Meskipun dihadapkan pada misi yang seolah mustahil, pelatih kepala Persib Bandung, Bojan Hodak, enggan menyerah. Juru taktik asal Kroasia ini menunjukkan mentalitas yang kuat dan menjanjikan penampilan yang jauh lebih baik di leg kedua babak 16 besar ACL 2 nanti. Hodak, dengan pengalamannya yang luas di kancah sepak bola Asia Tenggara, memahami betul tekanan dan tantangan yang ada, namun tetap memegang teguh keyakinannya pada potensi timnya.
Dalam pernyataannya yang penuh optimisme, Bojan Hodak menegaskan bahwa masih ada 90 menit penuh kesempatan untuk menciptakan keajaiban. “Tentu saja di kandang kami harus tampil lebih baik. Ini sepak bola. Dalam sepak bola, semuanya mungkin terjadi. Saya selalu percaya bahwa dalam sepak bola, segalanya mungkin terjadi,” ujarnya, mencoba menanamkan semangat dan kepercayaan diri kepada para pemain dan juga para pendukung. Keyakinan Hodak ini menjadi fondasi penting bagi skuad Maung Bandung untuk menghadapi tekanan besar di GBLA. Ia berharap “Miracle of GBLA” dapat terwujud, sebuah kebangkitan dramatis yang akan dikenang sebagai salah satu momen terbesar dalam sejarah klub. Untuk itu, ia akan menuntut para pemainnya untuk bermain dengan intensitas tinggi, disiplin taktis, dan efektivitas di depan gawang, sembari memanfaatkan dukungan penuh dari bobotoh yang akan memadati stadion.

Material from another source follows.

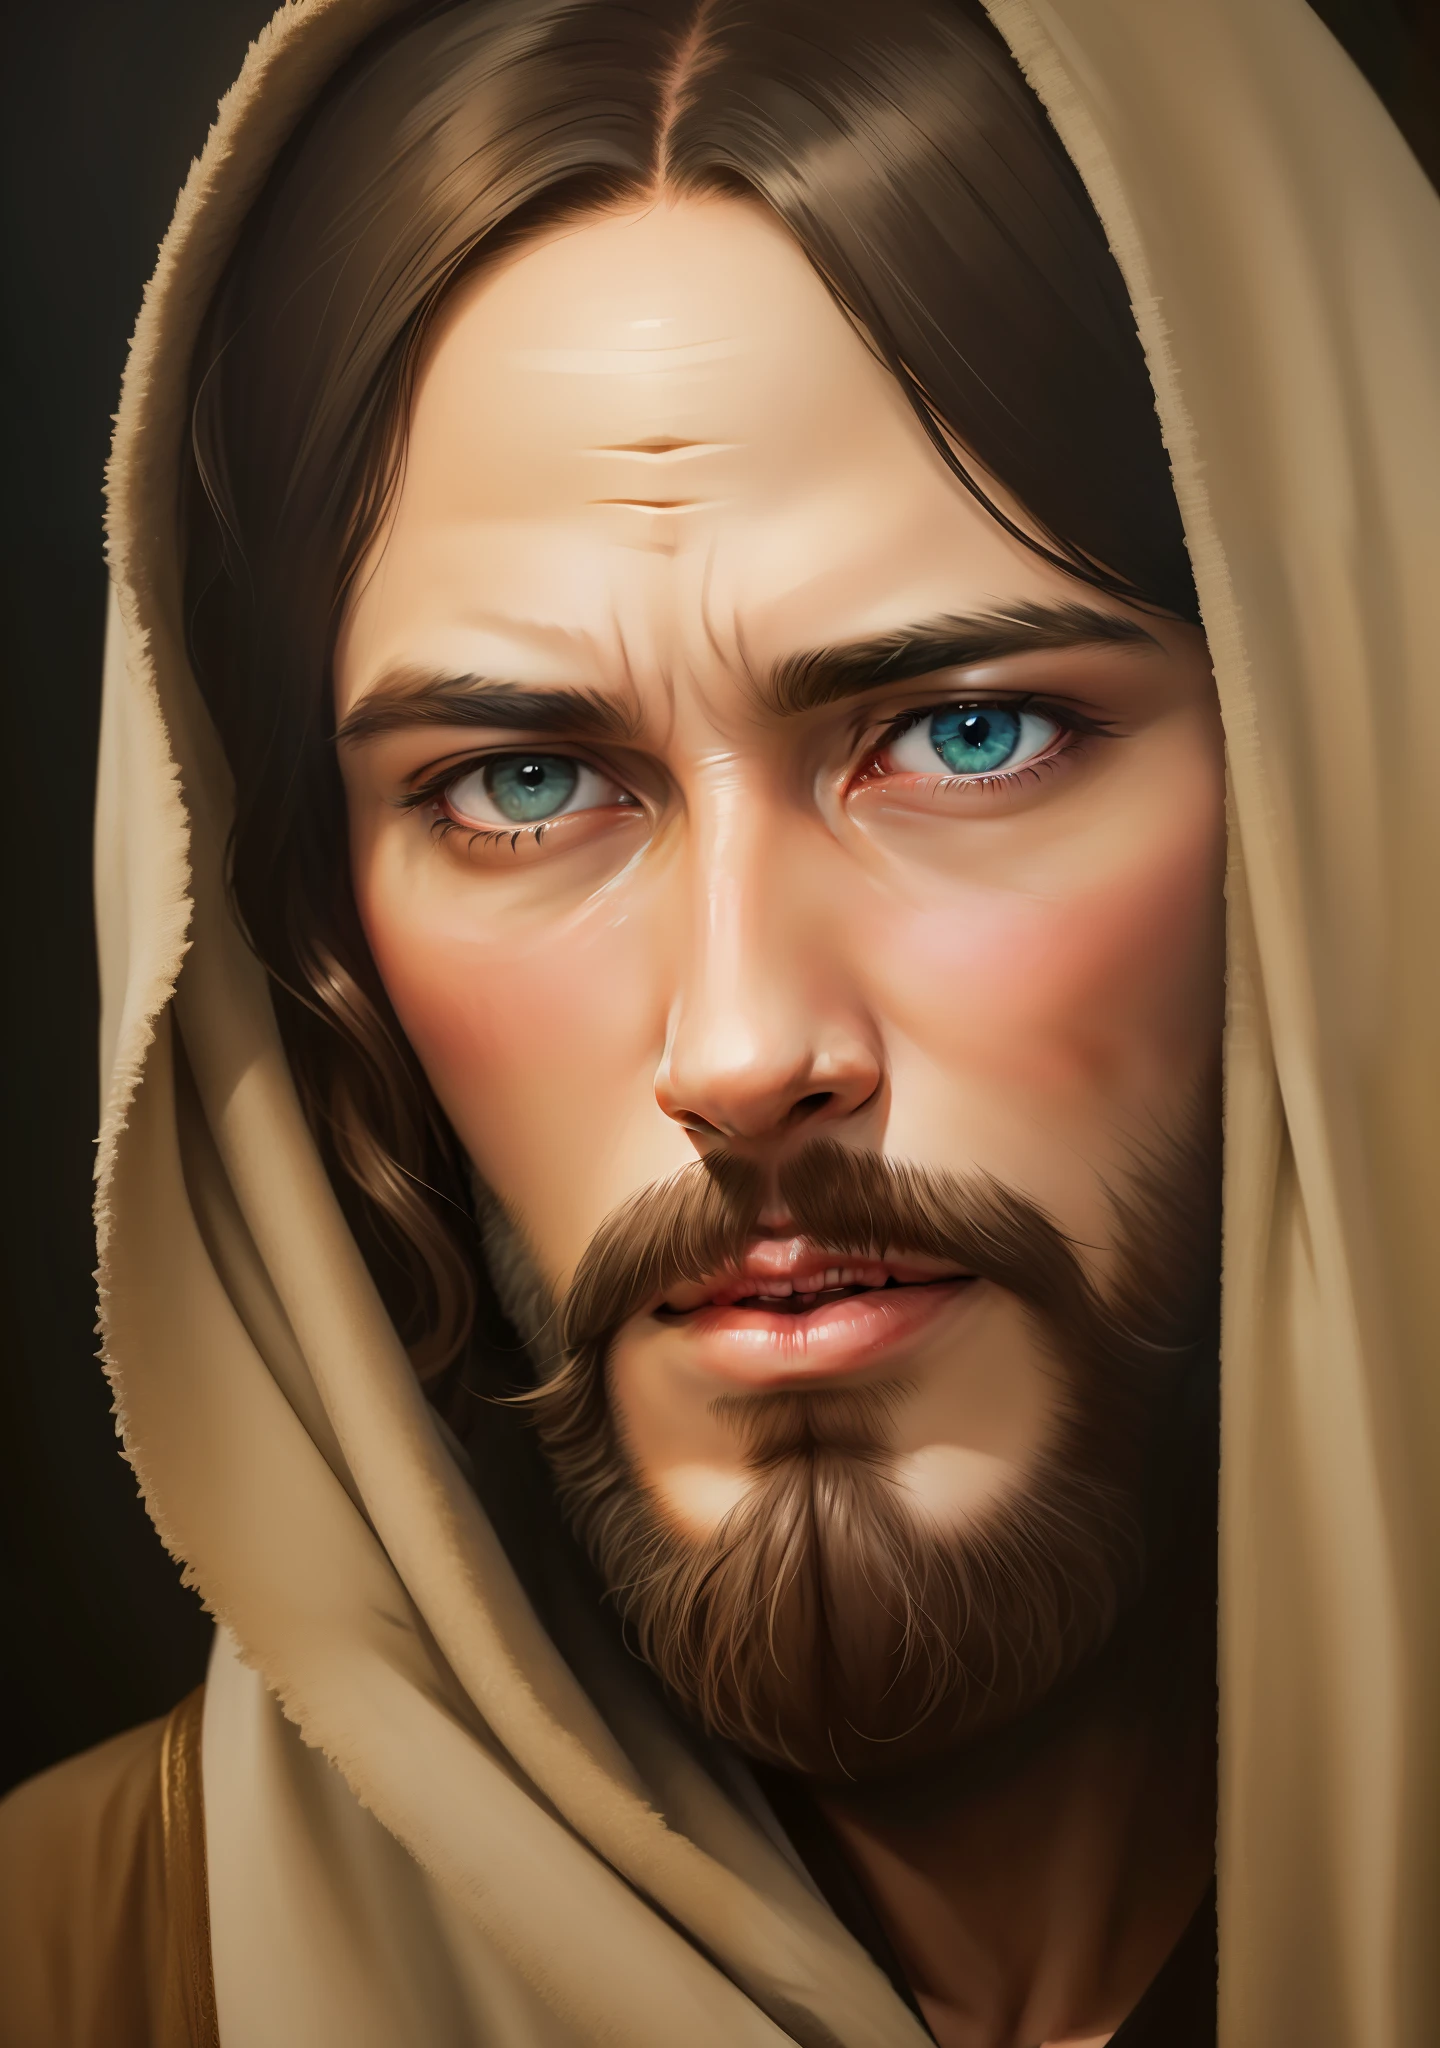 A painting of jesus with blue eyes and a beard - SeaArt AI

Misi “remontada” ini tidak hanya akan menguji kemampuan teknis dan taktis Persib, tetapi juga kekuatan mental dan karakter para pemain. Menghadapi Ratchaburi FC yang diprediksi akan bermain lebih defensif untuk mempertahankan keunggulan agregat, Persib harus menemukan cara untuk menembus pertahanan lawan sambil tetap menjaga lini belakang agar tidak kebobolan gol tandang, yang bisa semakin mempersulit keadaan. Peran bobotoh di GBLA akan sangat krusial. Gemuruh dukungan mereka diharapkan mampu menjadi suntikan energi dan motivasi ekstra, menciptakan atmosfer intimidatif bagi tim tamu, dan mendorong para pemain Persib untuk mengeluarkan seluruh kemampuan terbaik mereka. Ini adalah kesempatan bagi Persib untuk tidak hanya membalikkan keadaan di papan skor, tetapi juga untuk menulis babak baru dalam sejarah sepak bola Indonesia di kancah Asia, membuktikan bahwa “misi mustahil” hanyalah sebuah tantangan yang menunggu untuk ditaklukkan.